WHAT YOU HAVE TO DO:
Because the images are not wanted, restate every line below word for word without them.

RECORDED INFORMATION:
•••••
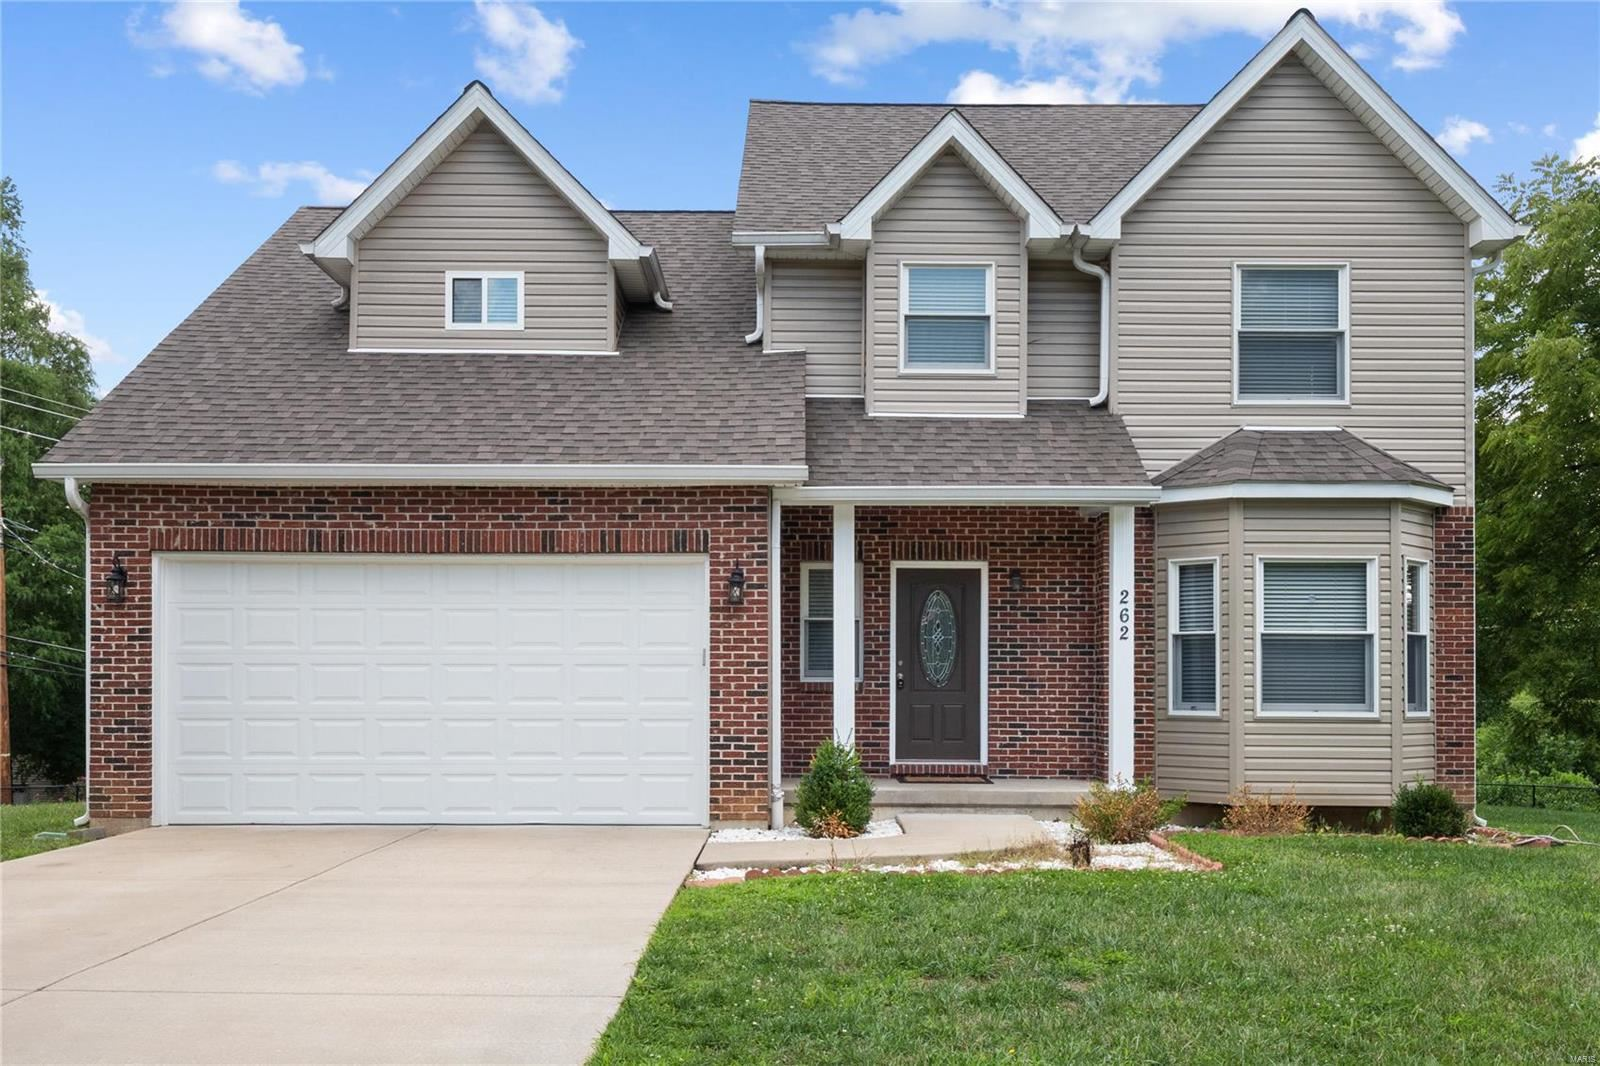 Ballwin Mo Homes For Rent Berkshire Hathaway Homeservices Alliance Realtors Berkshire Hathaway Homeservices
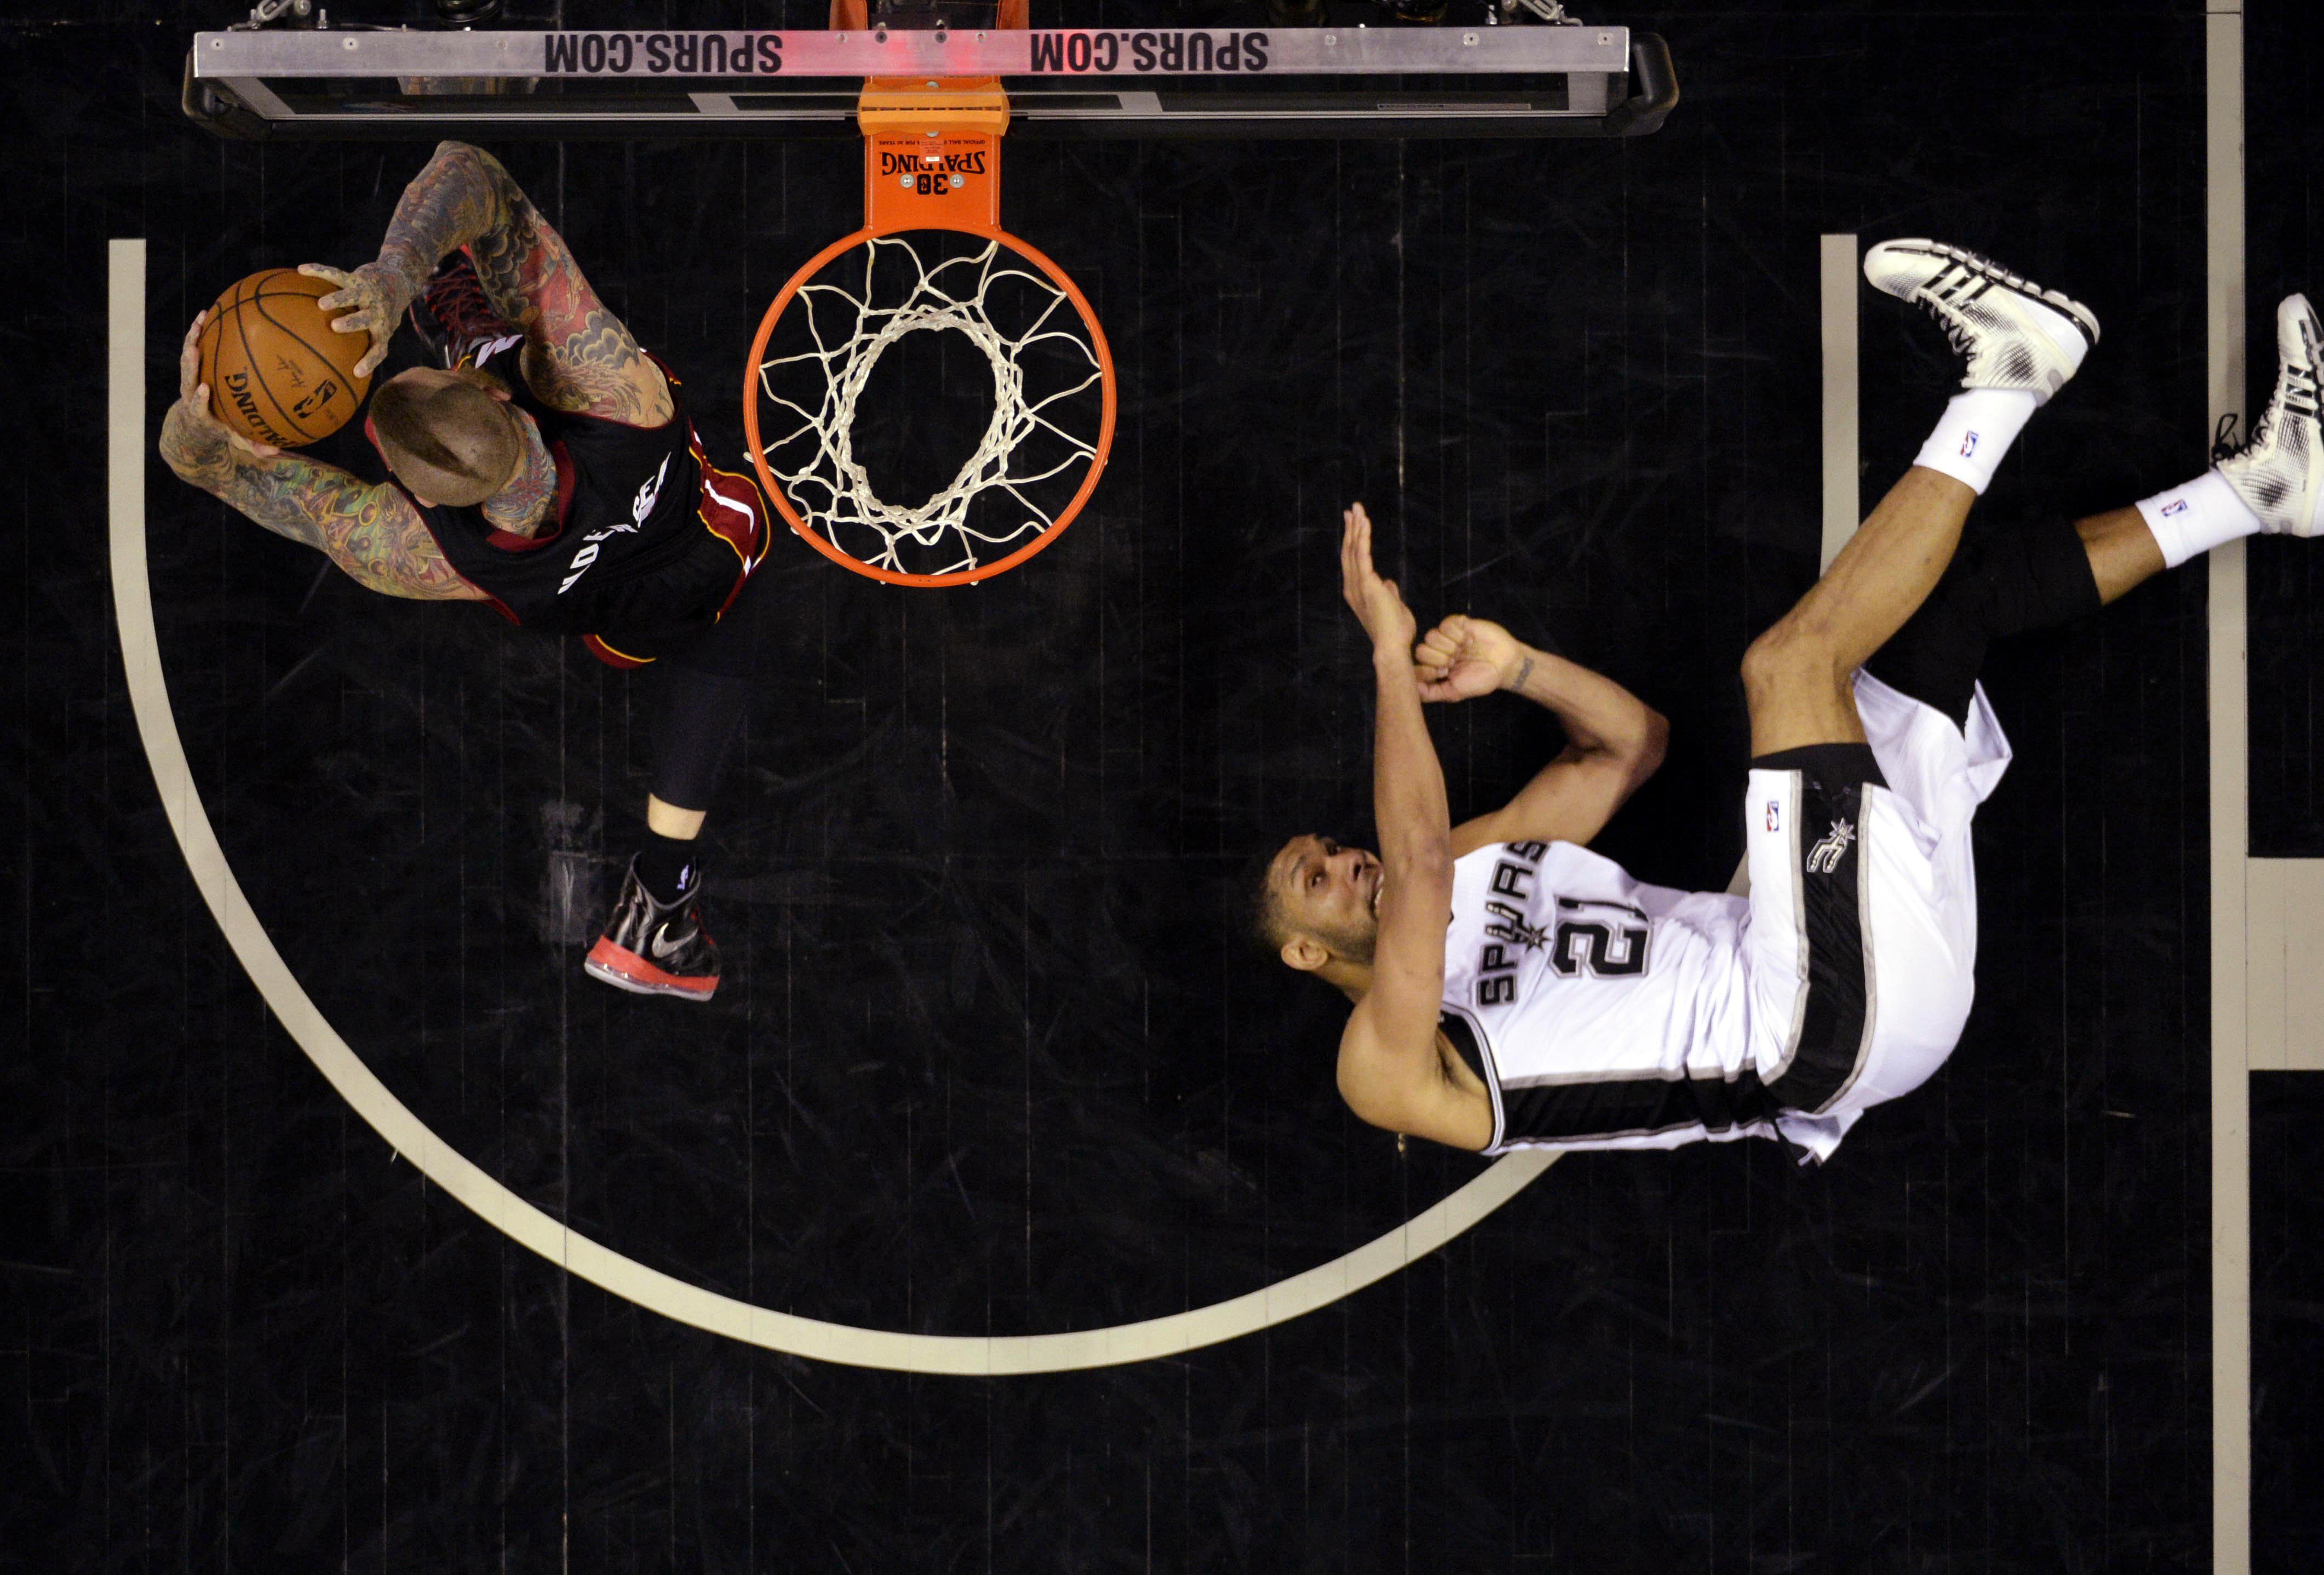 Miami Heat center Chris Andersen (11) grabs a rebound as San Antonio Spurs forward Tim Duncan (21) falls to the floor in Game 2 of the 2014 NBA Finals in San Antonio on June 8, 2014.
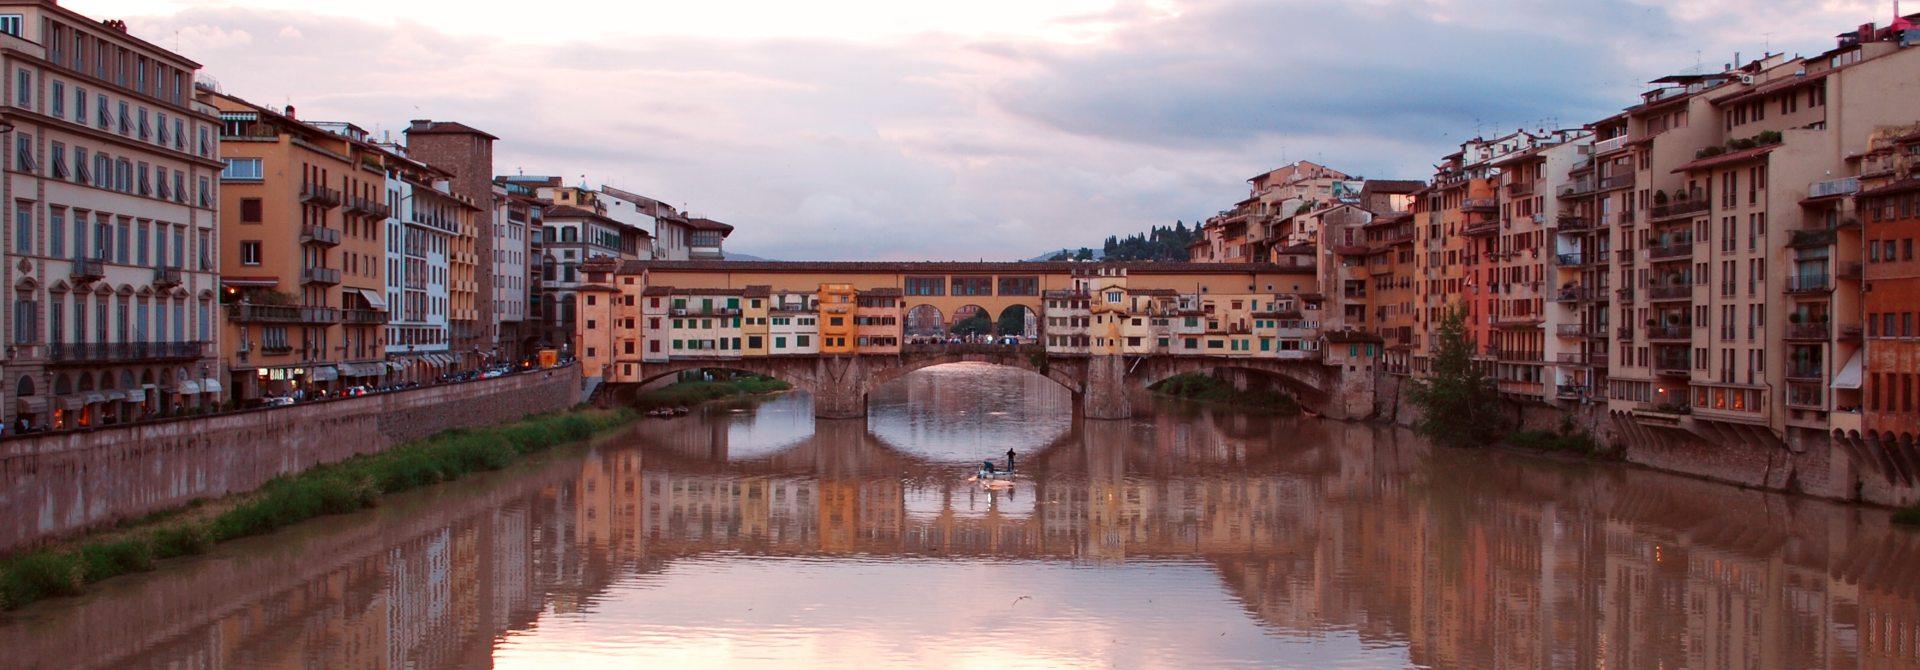 Ponte Vecchio Header
•••••
RESULT FOR THIS EXERCISE:
 Ballwin Mo Homes For Rent Berkshire Hathaway Homeservices Alliance Realtors Berkshire Hathaway Homeservices
 Miami Heat center Chris Andersen (11) grabs a rebound as San Antonio Spurs forward Tim Duncan (21) falls to the floor in Game 2 of the 2014 NBA Finals in San Antonio on June 8, 2014.
 Ponte Vecchio Header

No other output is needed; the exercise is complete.